ASSIGNED TASK
What should come back is the data below, word for word, minus any picture.

INPUT DATA

====================

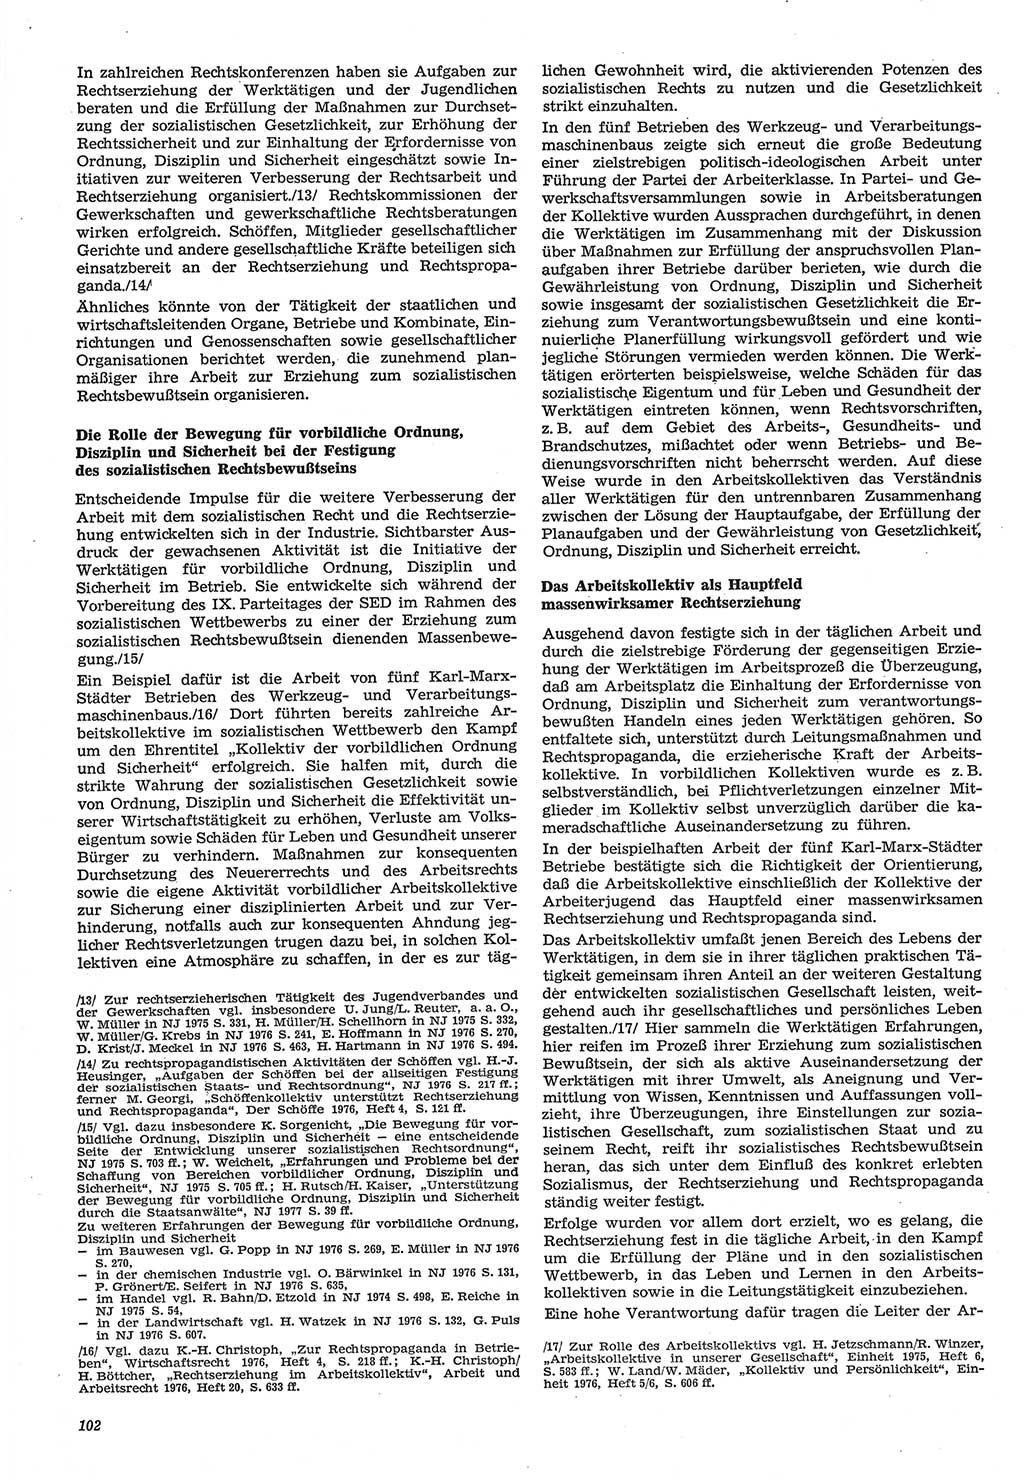 Neue Justiz (NJ), Zeitschrift für Recht und Rechtswissenschaft-Zeitschrift, sozialistisches Recht und Gesetzlichkeit, 31. Jahrgang 1977, Seite 102 (NJ DDR 1977, S. 102)
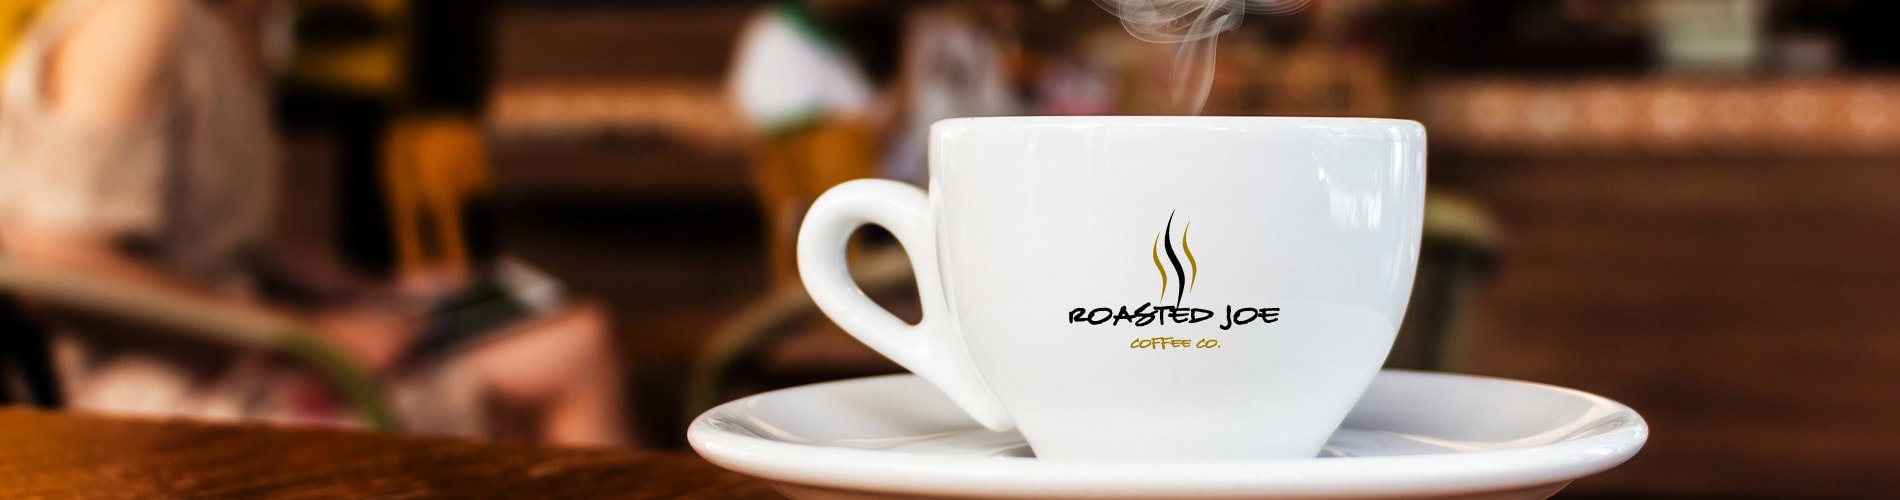 Roasted Joe Coffee Co.
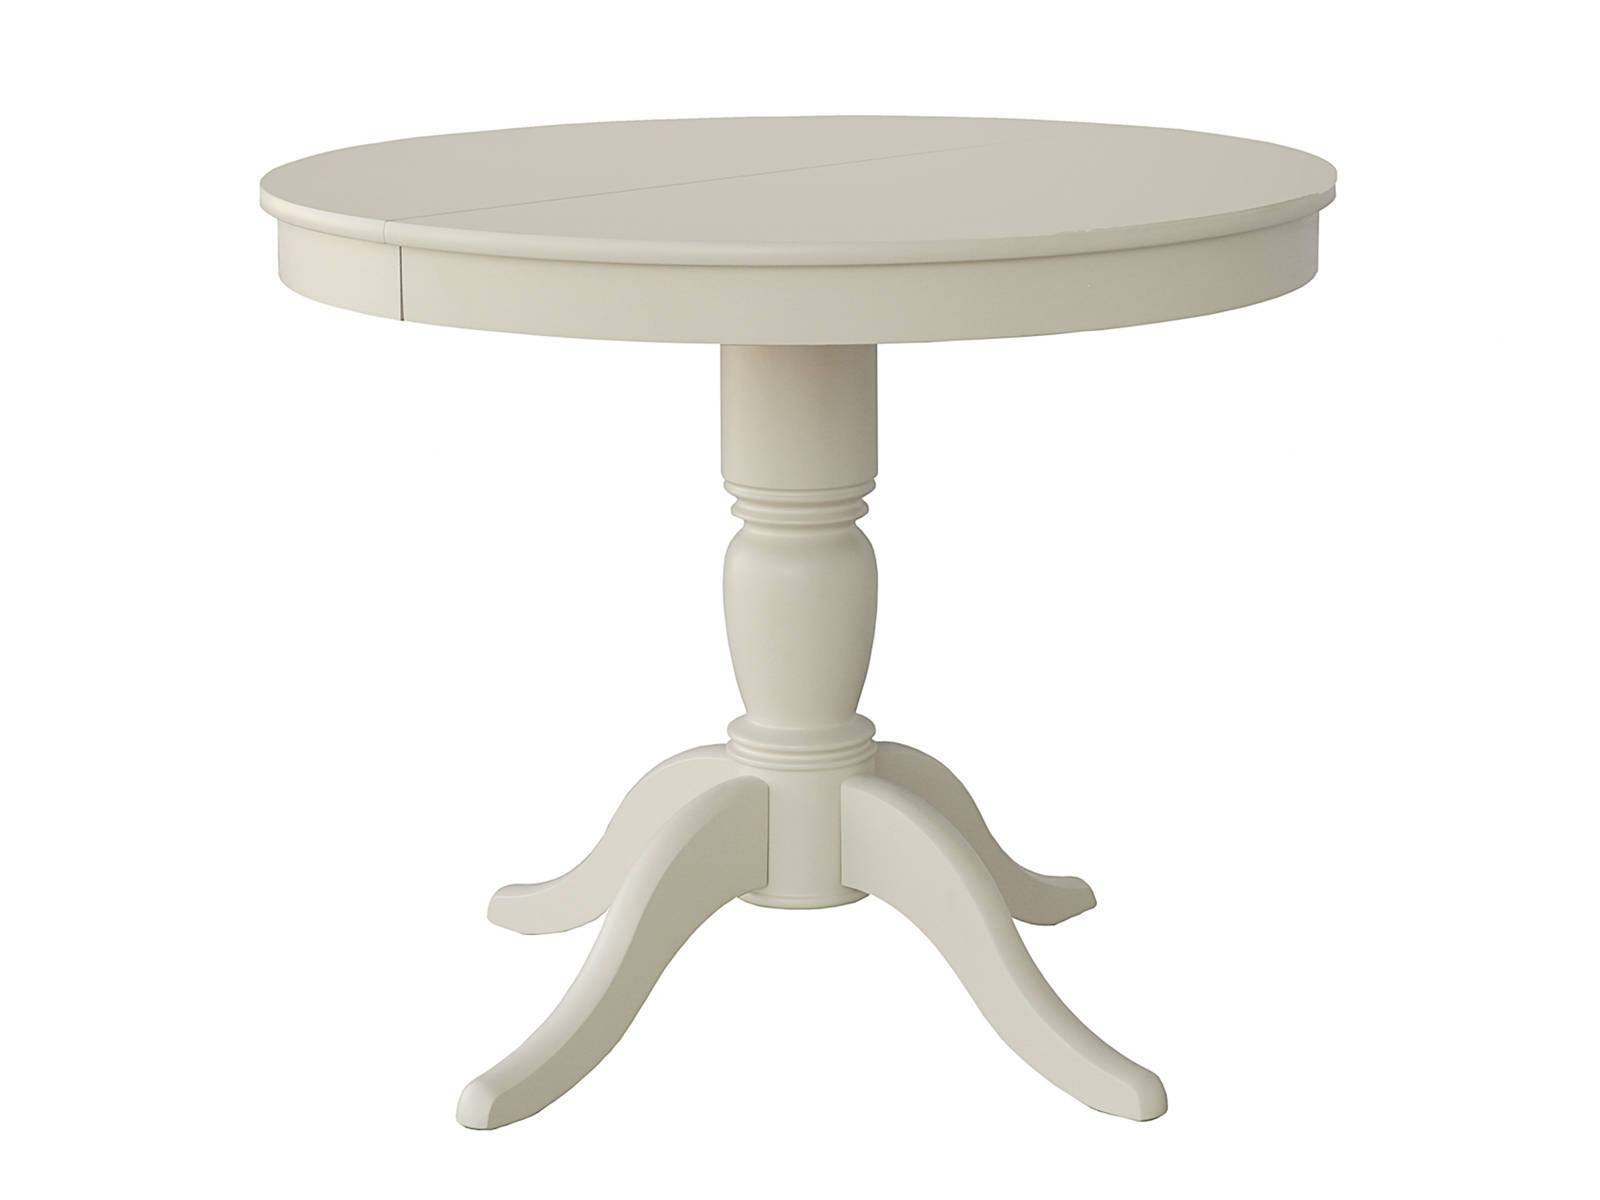 Кухонный стол Фламинго 1 Белый, Массив Бук стол кухонный прямоугольный 1 1х0 73 м белый бук table 110 15356
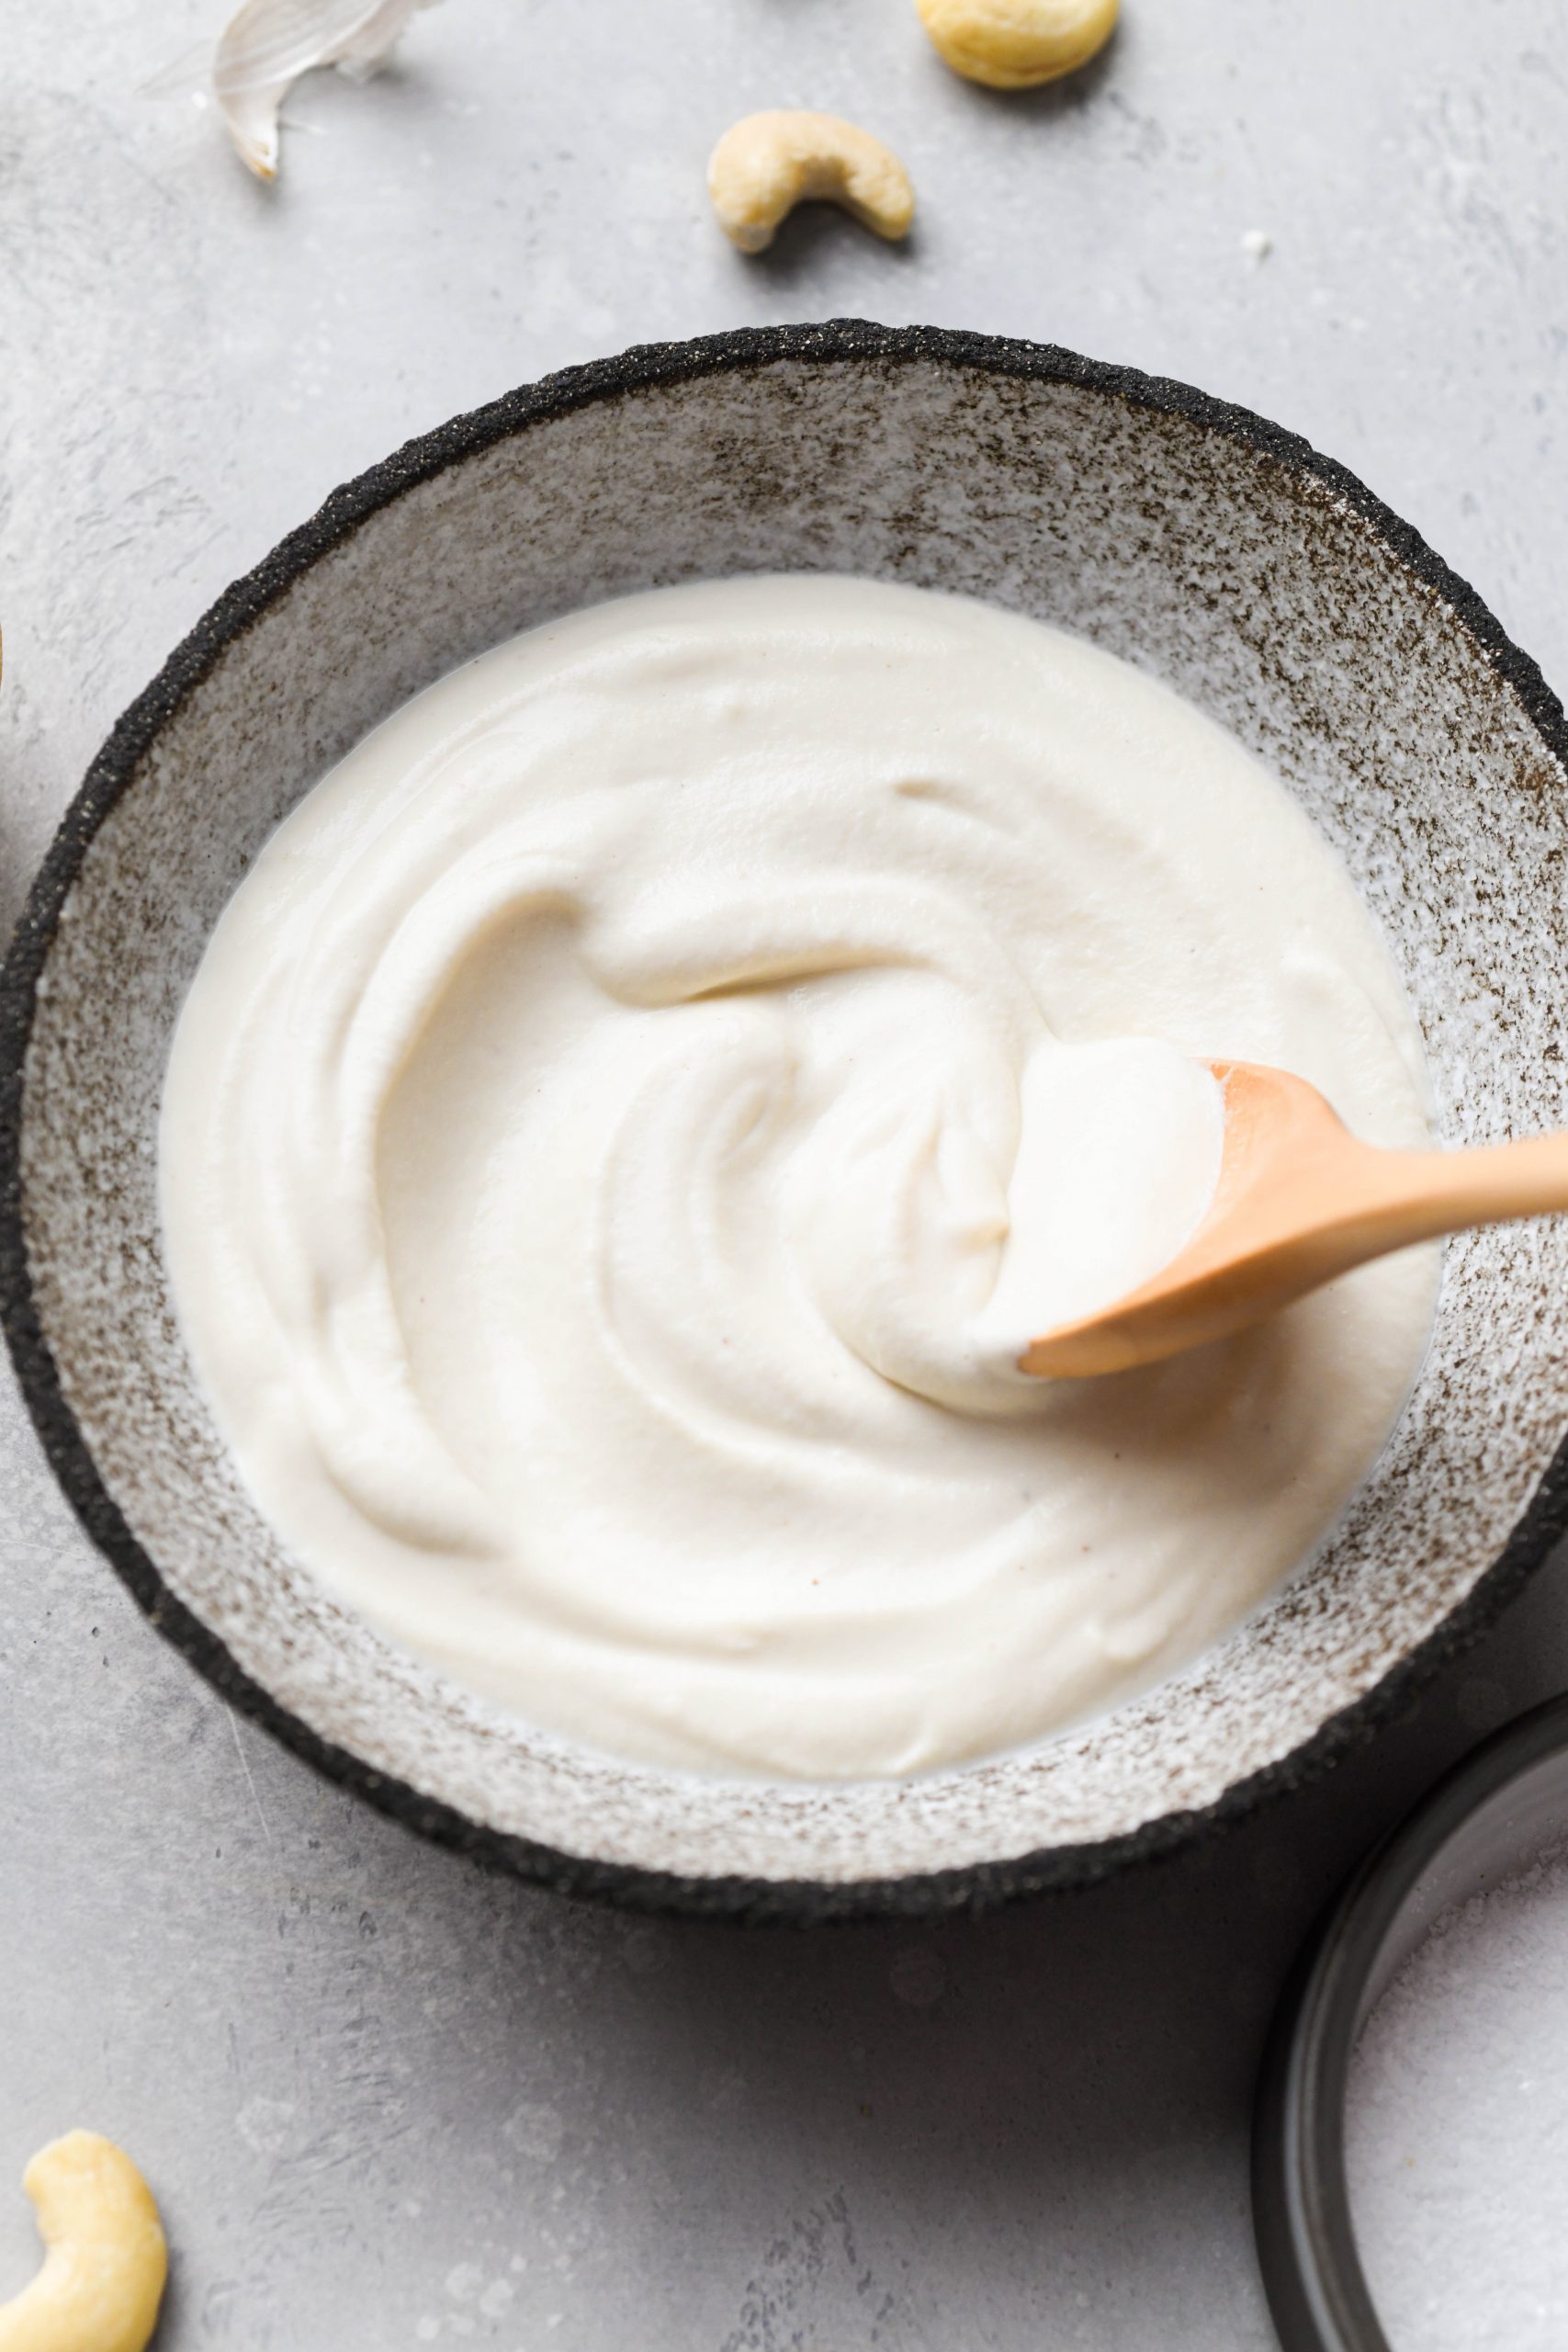 Vegan Sour Cream Recipe {gluten free + paleo + whole30} - Quick & Easy!

====================

SOLUTION TO THIS EXERCISE
 Neue Justiz (NJ), Zeitschrift für Recht und Rechtswissenschaft-Zeitschrift, sozialistisches Recht und Gesetzlichkeit, 31. Jahrgang 1977, Seite 102 (NJ DDR 1977, S. 102)
 Roasted Joe Coffee Co.
 Кухонный стол Фламинго 1 Белый, Массив Бук стол кухонный прямоугольный 1 1х0 73 м белый бук table 110 15356
 Vegan Sour Cream Recipe {gluten free + paleo + whole30} - Quick & Easy!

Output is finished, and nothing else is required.